▶ **Exercise instructions**: Copy, word for word, the lines of the listing below from the line with "in Excellent condition" up to and including the line with "Australia-Germany links forged". Drop the pictures.

▶ **Entries provided**:
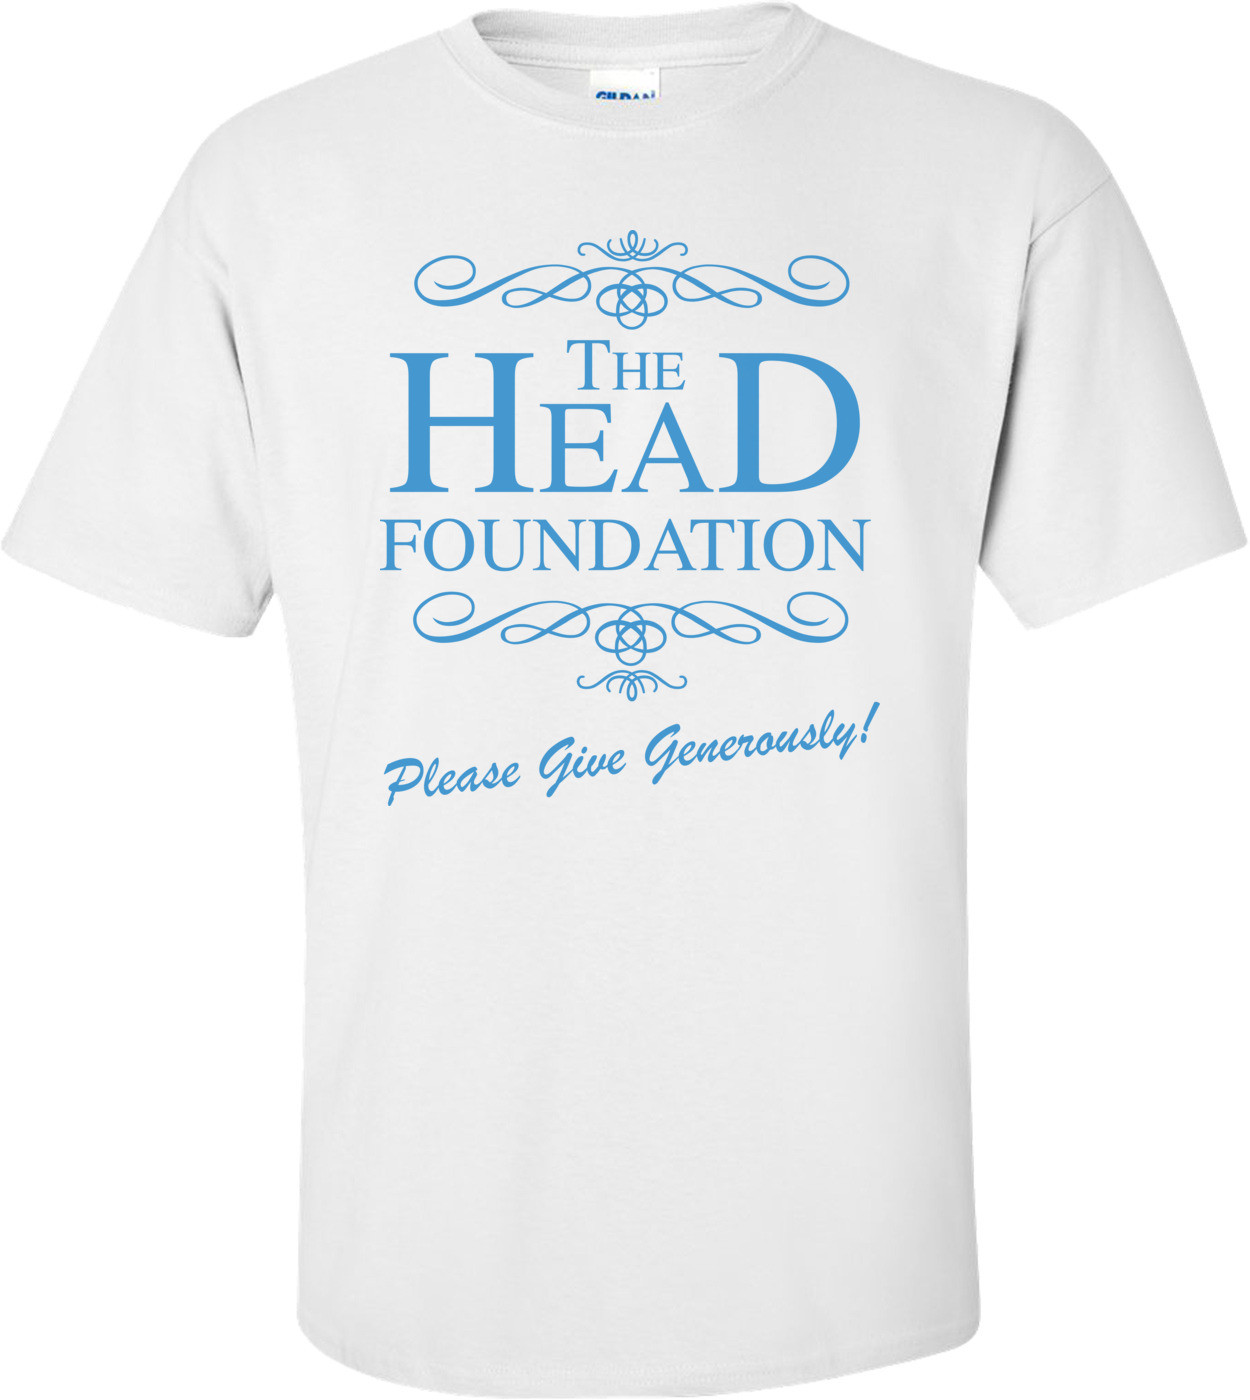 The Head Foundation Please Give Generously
--
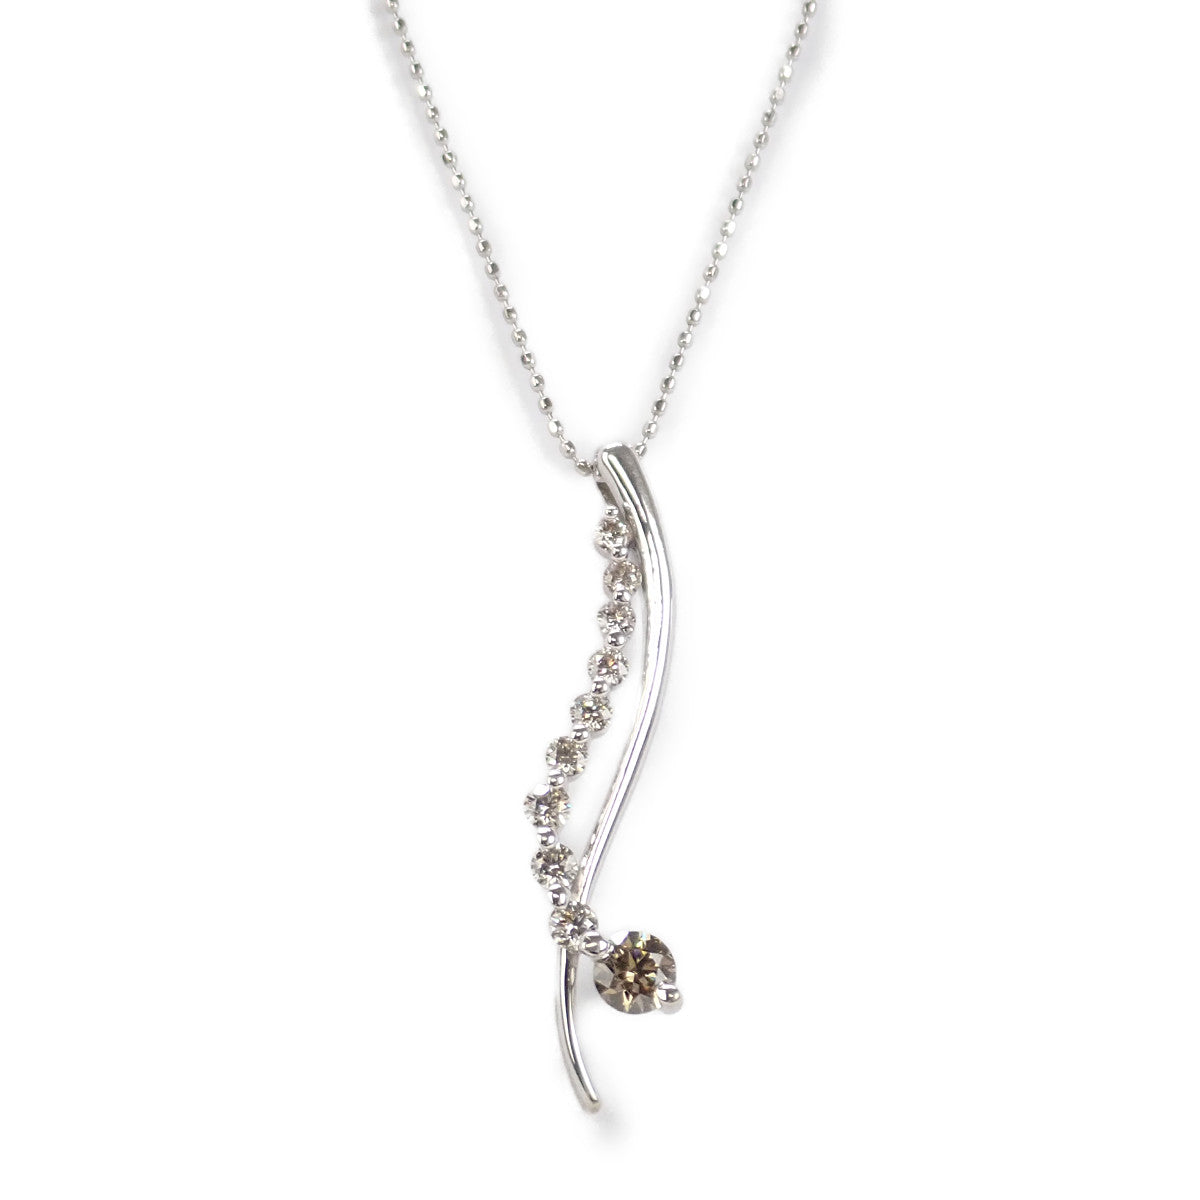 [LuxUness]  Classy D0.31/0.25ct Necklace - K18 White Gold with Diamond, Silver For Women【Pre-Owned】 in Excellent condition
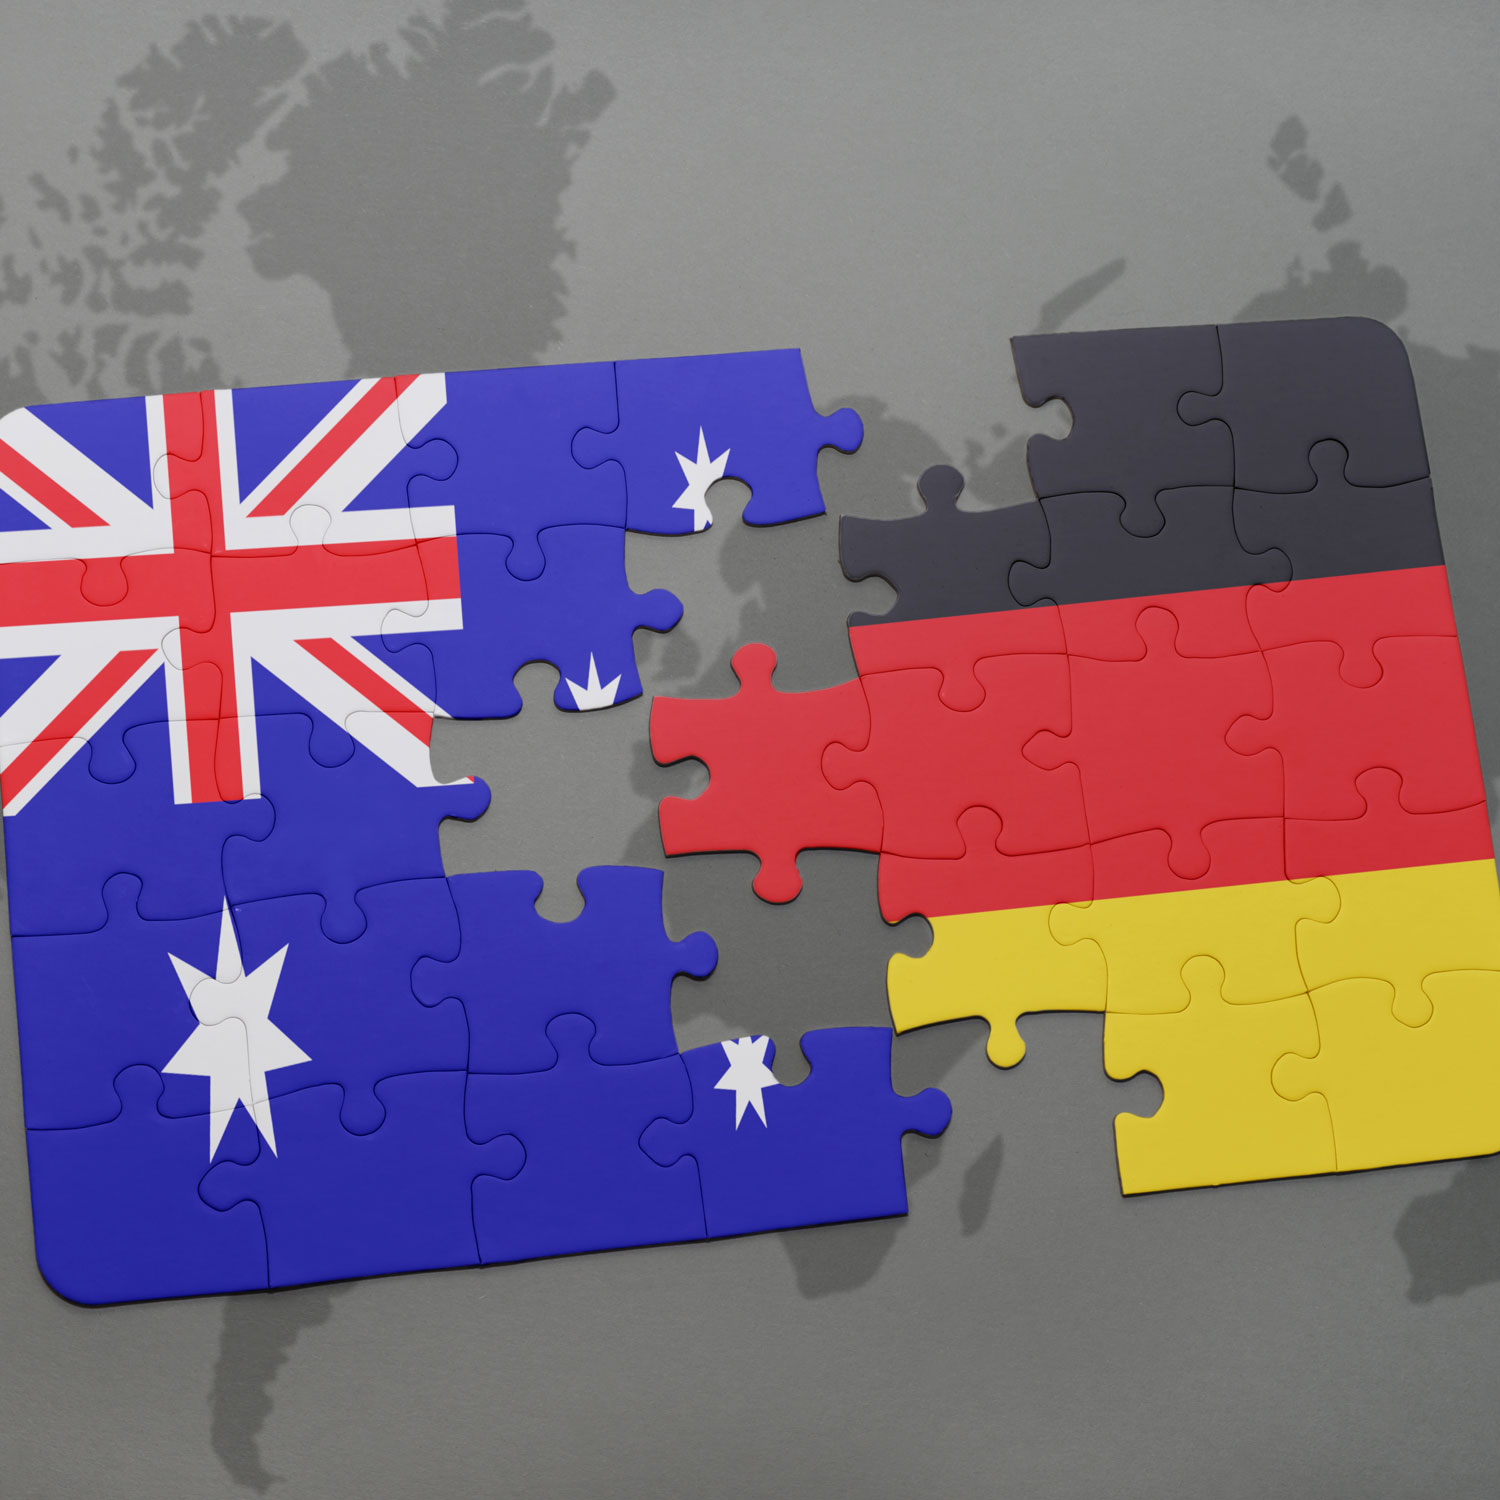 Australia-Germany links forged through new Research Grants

▶ **Task answer**:
 [LuxUness]  Classy D0.31/0.25ct Necklace - K18 White Gold with Diamond, Silver For Women【Pre-Owned】 in Excellent condition
 Australia-Germany links forged through new Research Grants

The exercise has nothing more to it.